Author's Notes: I had a lot of fun writing this
Authors Notes: Well, it's an one-shot about a couple that drifted apart.. I'll leave it to you to figure out who the couple is. Here's a hint: It's one of the rival couples in MFOMT. I don't own Harvest Moon.
When Claire bought the local farm, I had thought – no – was convinced you loved me. The way you spoke about me when you thought I couldn't hear, but could, the twinkle in you chocolate brown eyes when you saw me, even you're mood had changed.
I was wrong. Or, perhaps I was right and you had loved me, but the blonde farmer girl swayed your feelings after I pushed you away. Either way, the course of events that took place over last year was partially because of me. I guess all three of us played a role.
In the spring, we were like sneakers and tying shoes – when someone thought of me they thought of you; and when they thought of you they thought of me. Claire moved in on the First of spring. Being the nice guy that you were, saying hello was mandatory.
When you met her, the two of you became fast friends. Granted, you hadn't forgotten about me yet, but you insisted that she join us in everything.
You still asked me out on the Spring Festival. We had a wonderful time, but the cookies you gave me were missing something – something that they had in years past. Perhaps it was loving care? I let you know my disdain for that year's batch of cookies, and you were in a funk until the week after.
At the Cooking Festival, I began to notice something… different in your attitude towards me. You didn't immediately come to comfort me when the Gourmet hated my food, being too busy congratulating Claire's victory at that moment. Sure you came by later, but you didn't seem to have the sincerity you had before.
By the Beach Festival, we were getting into fights. They were about minute things at first, such as how much peanut butter I should put on my banana, or what flavor of pie to order. They started to get bigger: fights over Popuri and Kai, fights over your dad… even one about whether you should hang out with Claire or not.
I guess Ann's 22nd birthday party was where I messed up. Basil and Doug were playing blackjack and May and Stu were bobbing for apples. Ann and Popuri, who usually never got along, seemed to have called a truce, talking about the latest fashions.
Claire was a dense girl, and had thought that we were just friends. Me having not put two and two together, I saw her kissing you, and lost it. I remember the happenings clearly, yet, they all went by so fast.
I had pulled you aside and yelled about you kissing Claire when I was your girlfriend. You responded that she had kissed you and I needed the whole story.

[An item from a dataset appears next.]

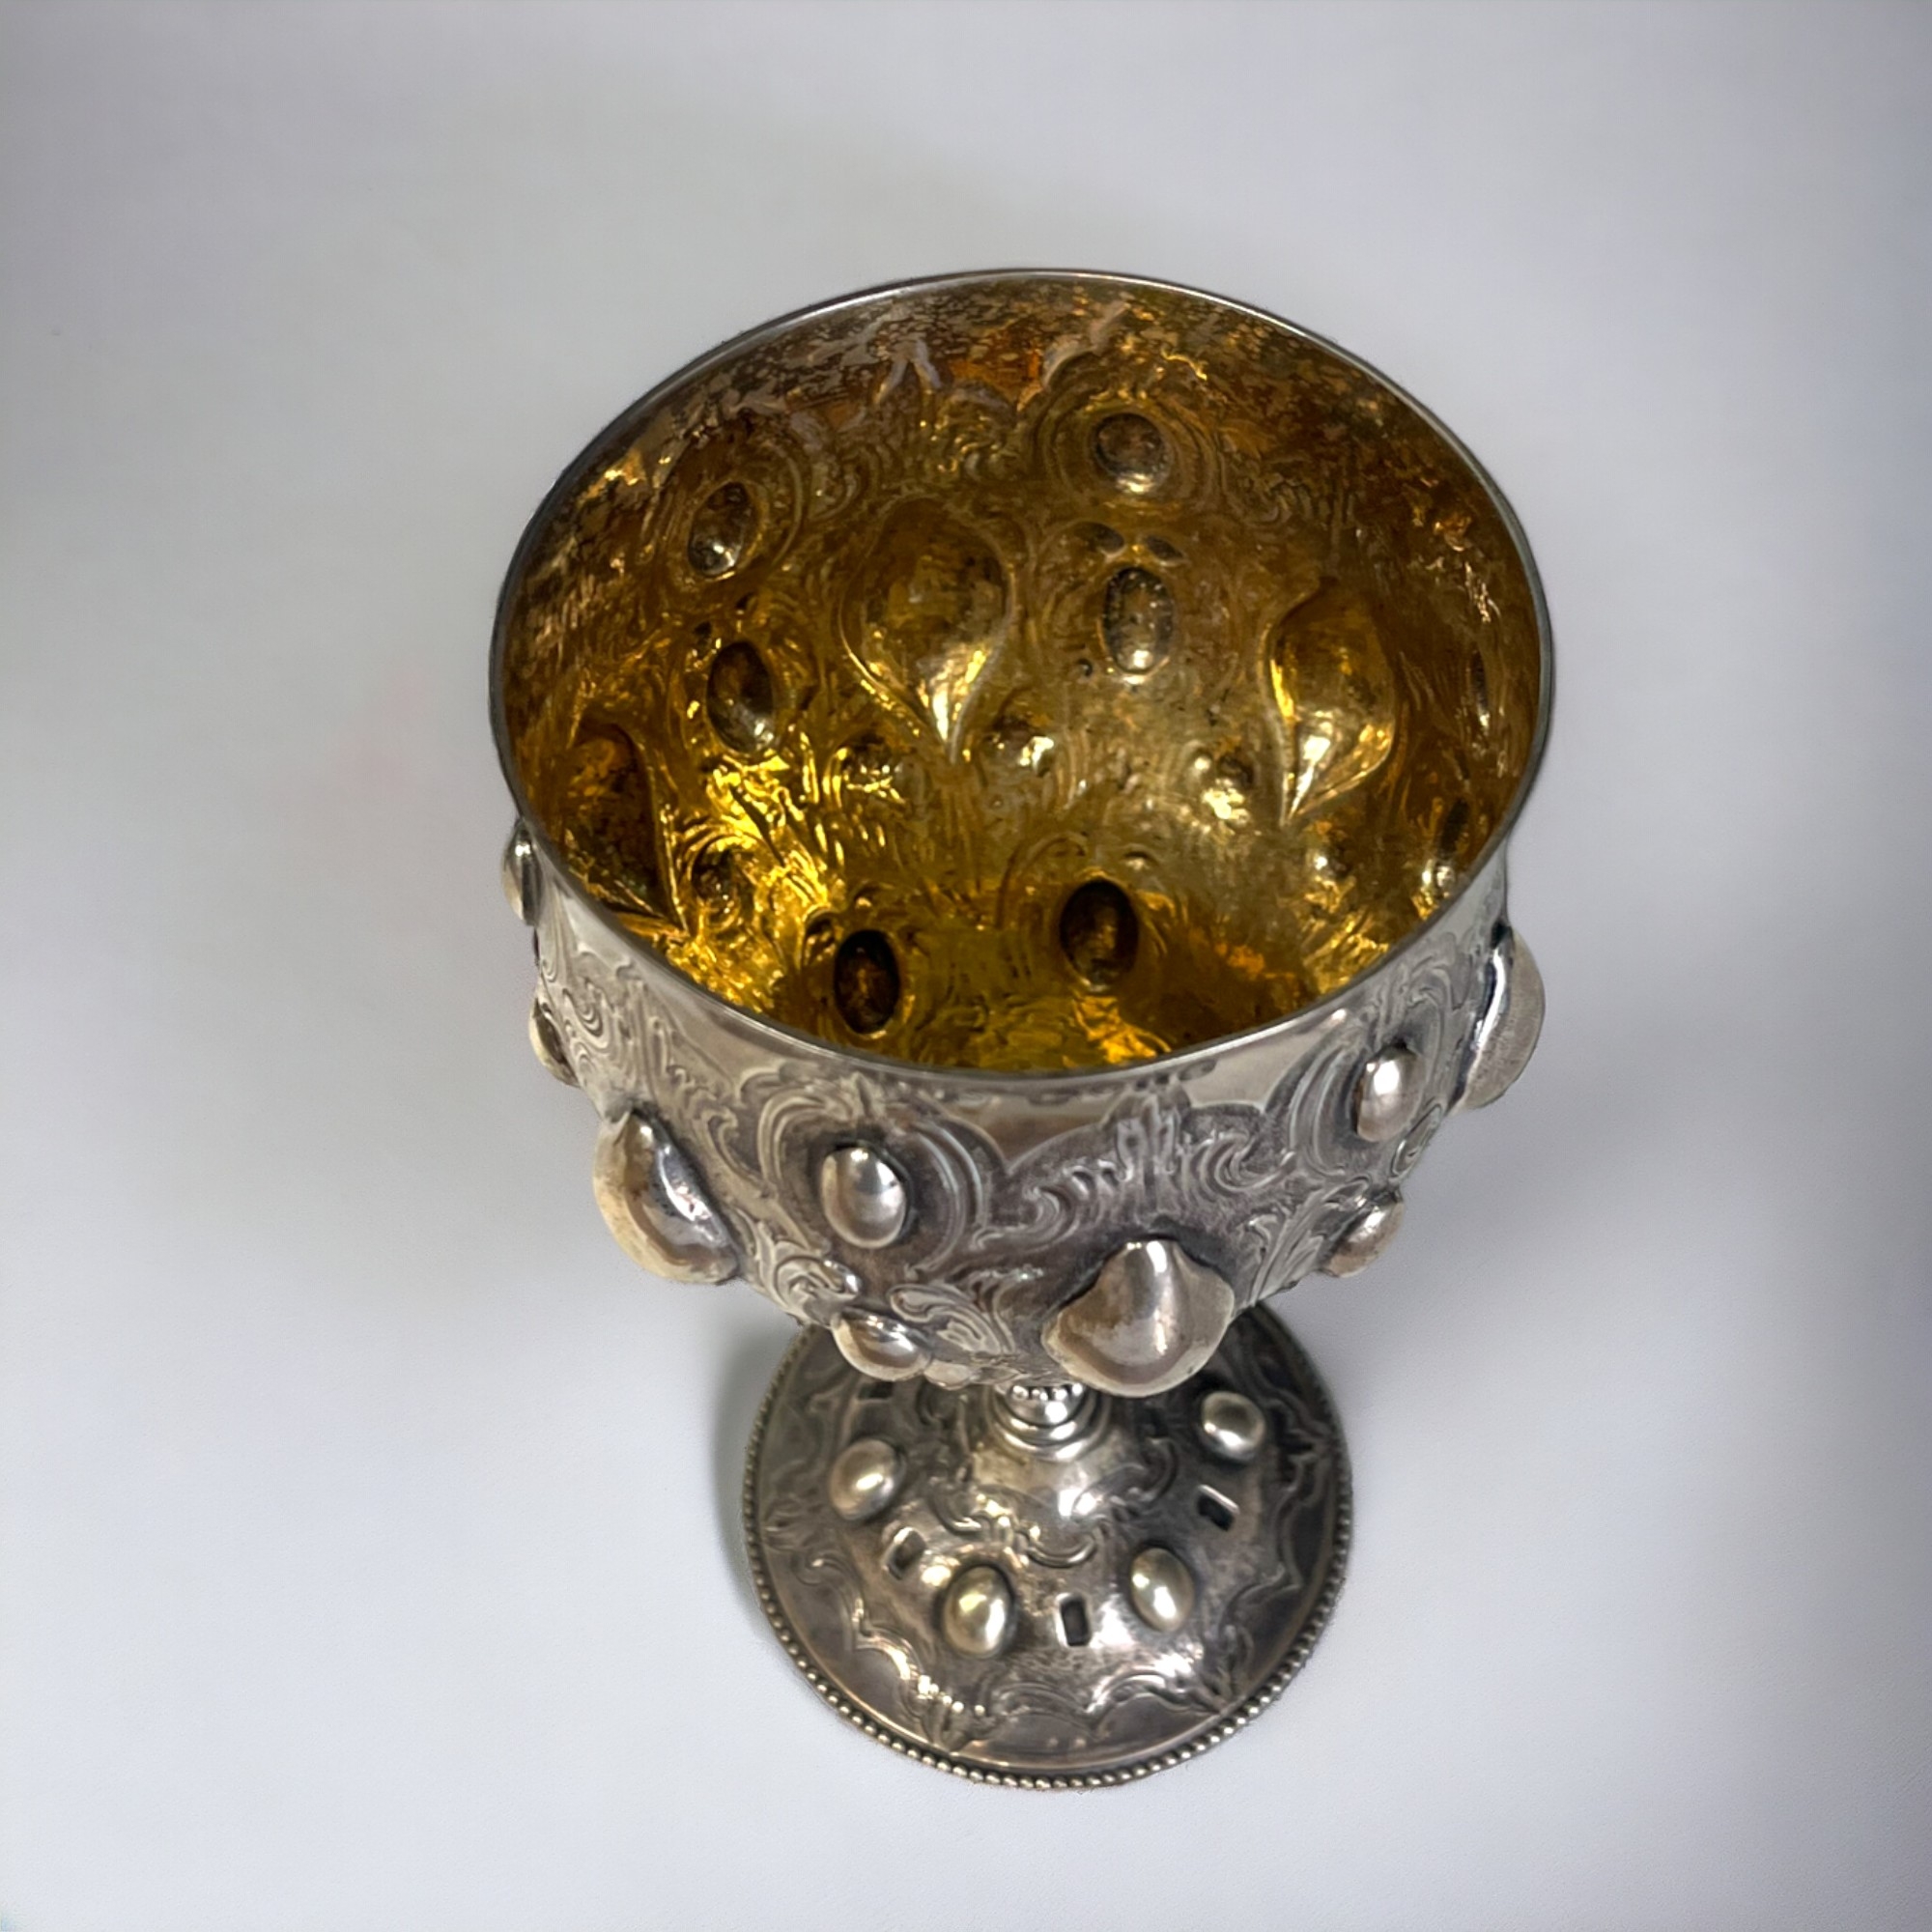 A 19th century sterling silver goblet. Thomas Smiley, London. London, 1864 hallmarks. Height - 15cm - Image 4 of 4
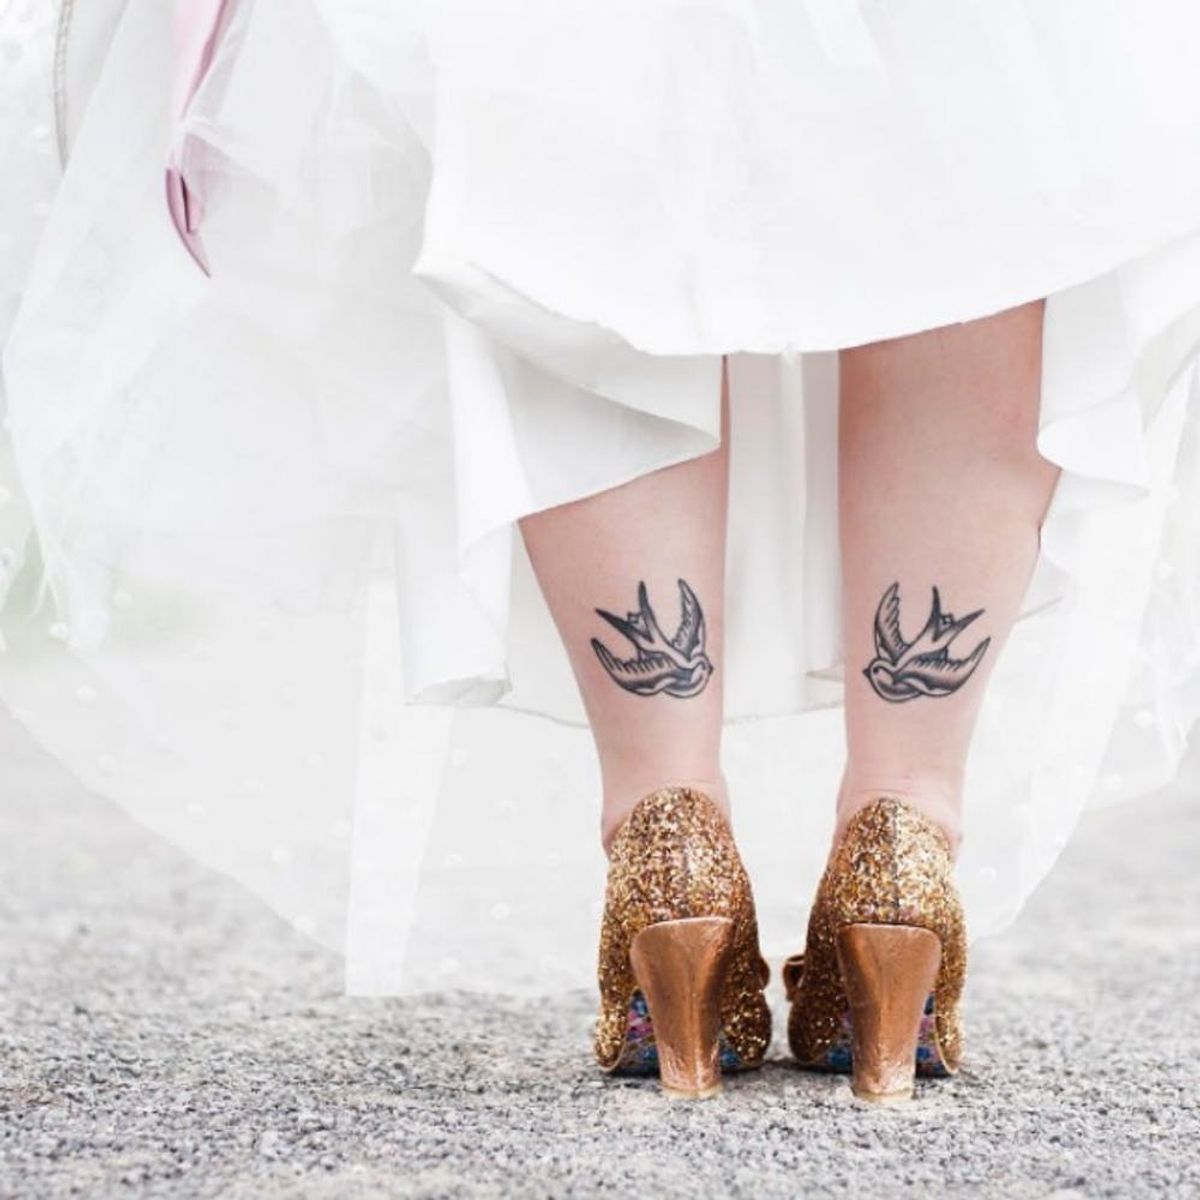 10 Ways to Rock a Tattoo on Your Wedding Day

My response was that you could have broken away.
You said you didn't want to.
The next thing I said was where I went wrong. If I analyze our entire relationship, and try to find out what was the thing that caused it to crumble in to tiny, bit size pieces, I would come up with what I said next.
Oh so you want two girlfriends?
That was it. I was so sure you would choose me over Claire; I ended up pushing you away. You then looked at me, drop dead serious, and uttered those fatal words: We're through.
At home I sat on my bed, and had my bawl, expecting you to come by and ask to get back together again within a week.
Autumn came and I was still waiting. You were no longer coming to sit with me by the bench in front of the supermarket. Instead, you were helping Claire with her farm.
At the Harvest Festival potluck, you asked Claire out instead of me. This came as a surprise to me. When I found out you and Claire were dating, I had though that it was another one of Manna's rumors. Even after she told me it wasn't, I told my self it wasn't true. Denial never got anyone anywhere.
It was the Pumpkin Festival when I decided to try to make amends. I let myself in, your shop being open. It was then everything came crashing down on me. You were talking to Claire, your blush burning your face. Claire was red in the face as well. I thought that you and Claire had caught some deadly fever, when I noticed you were smiling. Had your fever made you delirious? I thought that extremely plausible, when I noticed the Blue Feather in Claire's hand.
I had run out of your house, crying oceans of tears. Heartbreak was a new emotion; and I suspected I'd be dealing with it for some time.
The announcement of your wedding was soon made official; you and Claire were to be married in seven days.
So, here I stand, at your wedding reflecting upon the love that could have been. I guess human relationships are like apples; they might take sometime to ripen, or they might go bad. Sometimes they even have a worm, you just don't know until you bite in. I guess ours could be described with the worm metaphor; Claire being the worm and I was the one who took the bite.